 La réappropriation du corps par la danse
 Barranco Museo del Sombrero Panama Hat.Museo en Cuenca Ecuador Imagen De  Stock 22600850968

__________

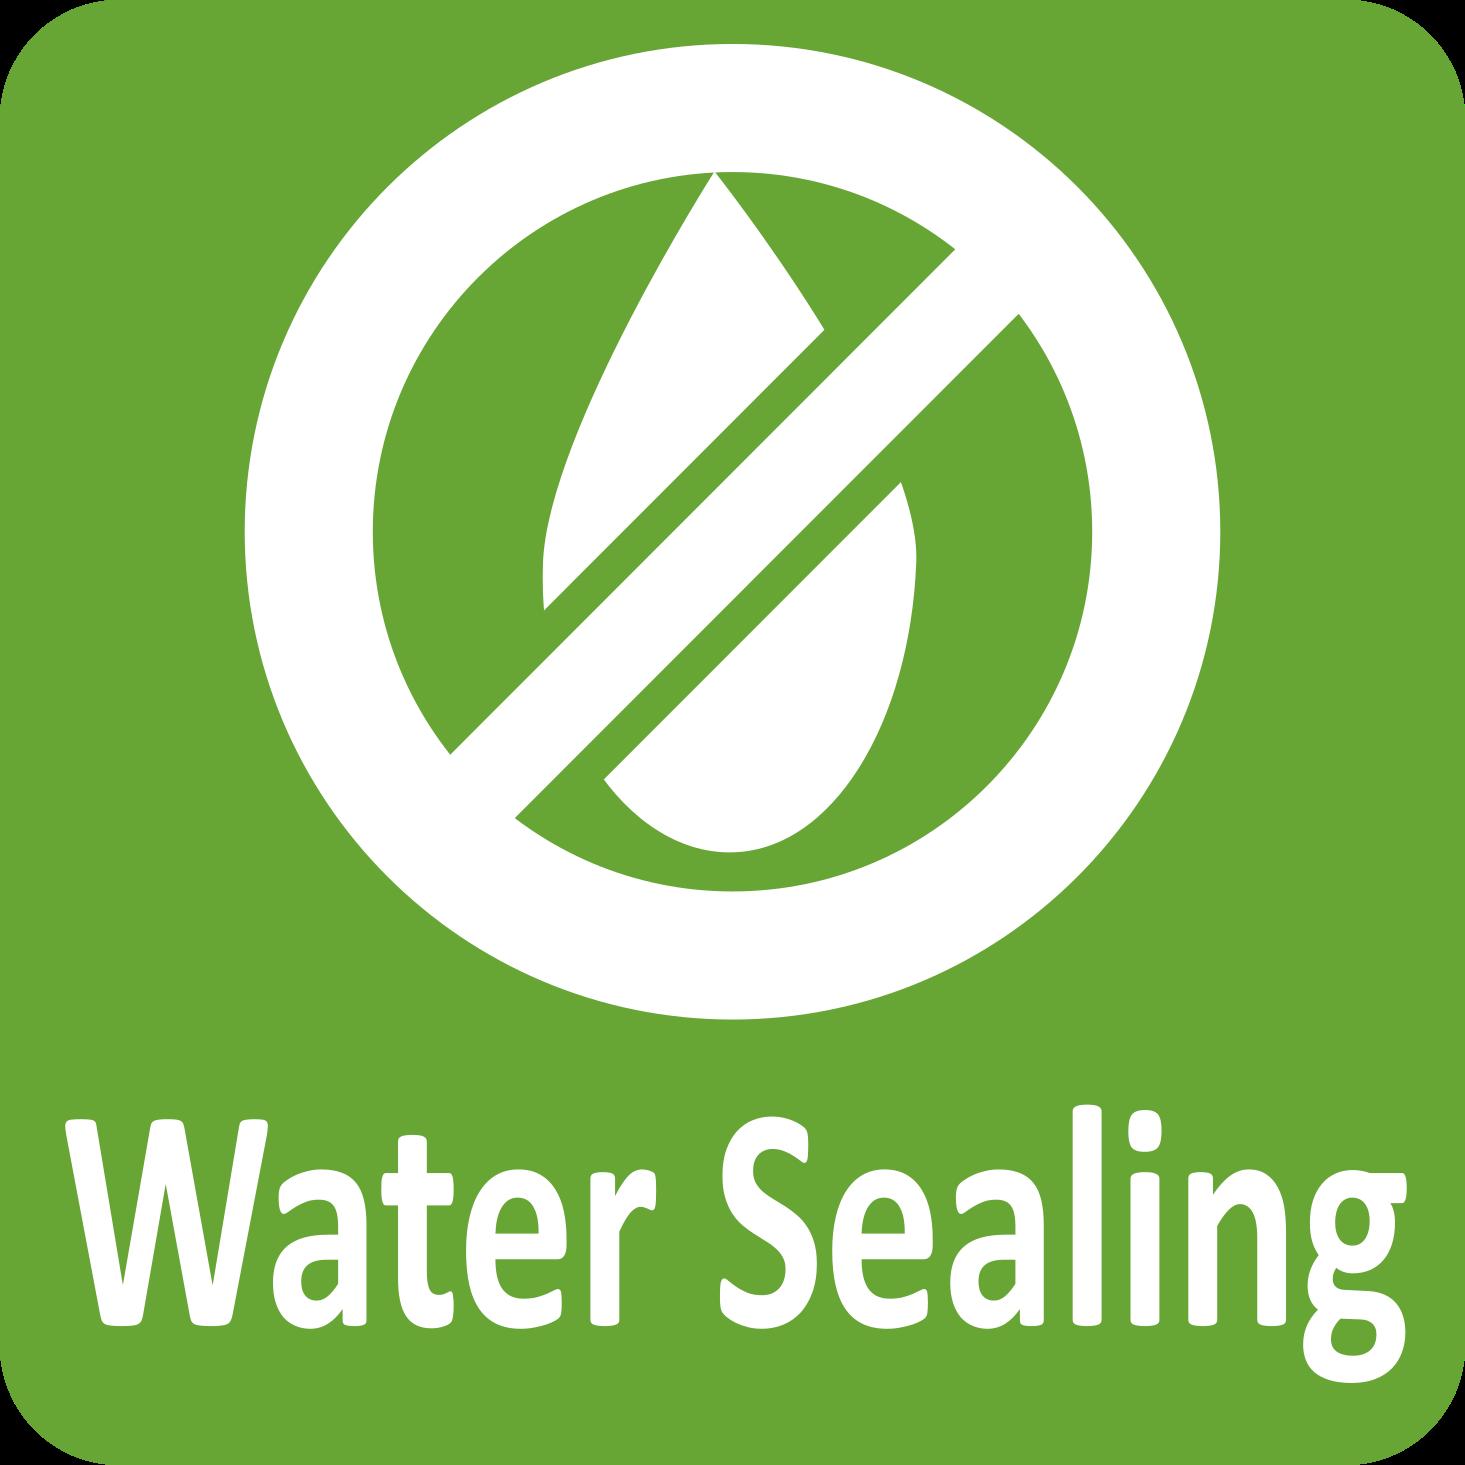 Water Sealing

__________

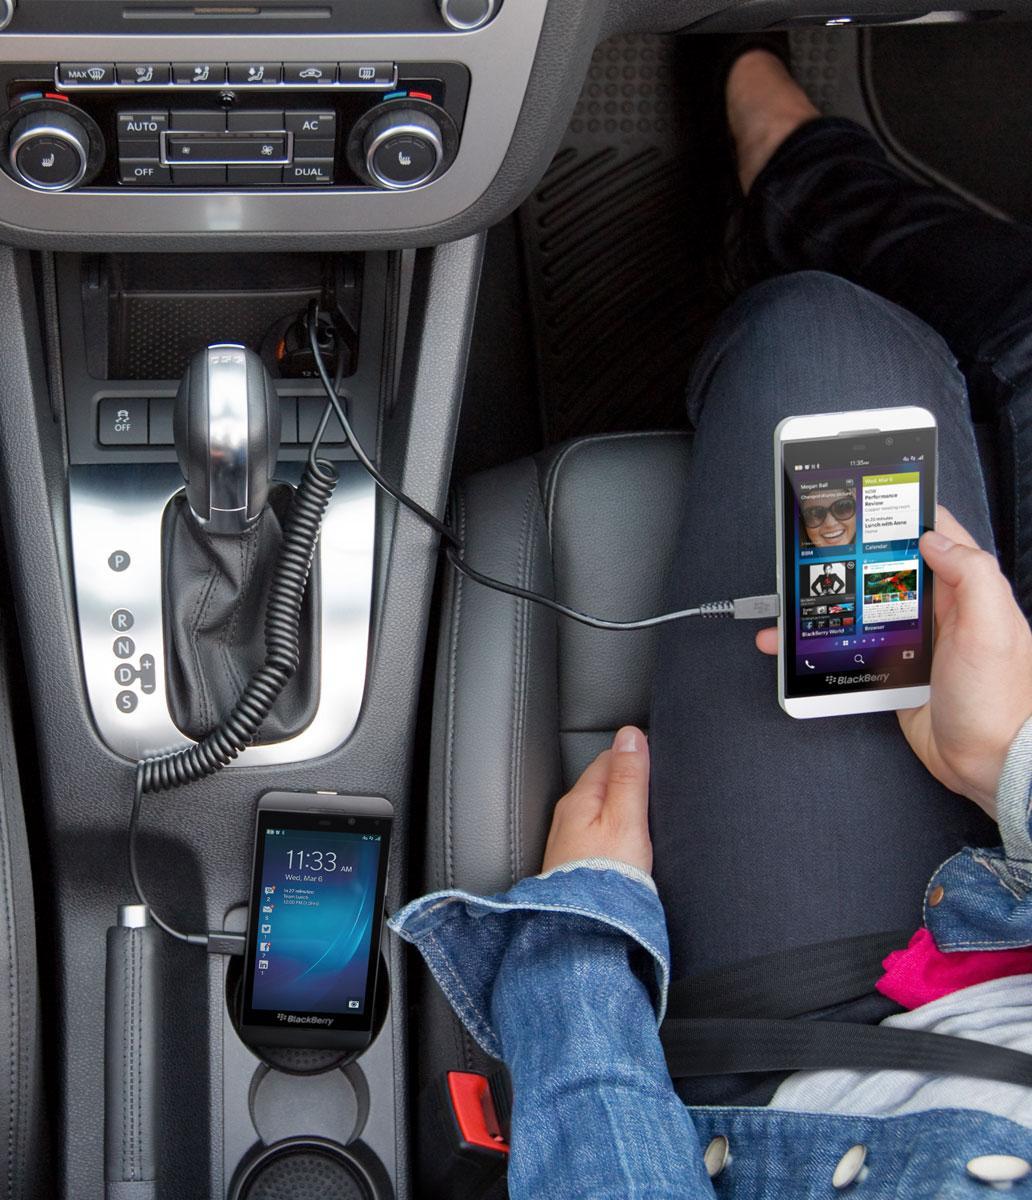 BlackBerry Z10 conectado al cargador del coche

__________

What to produce:
From the records above, copy only the lines starting with the line that holds "La réappropriation du corps par la danse" and going on through the line that holds "Barranco Museo del", exactly as written.

Written response:
 La réappropriation du corps par la danse
 Barranco Museo del Sombrero Panama Hat.Museo en Cuenca Ecuador Imagen De  Stock 22600850968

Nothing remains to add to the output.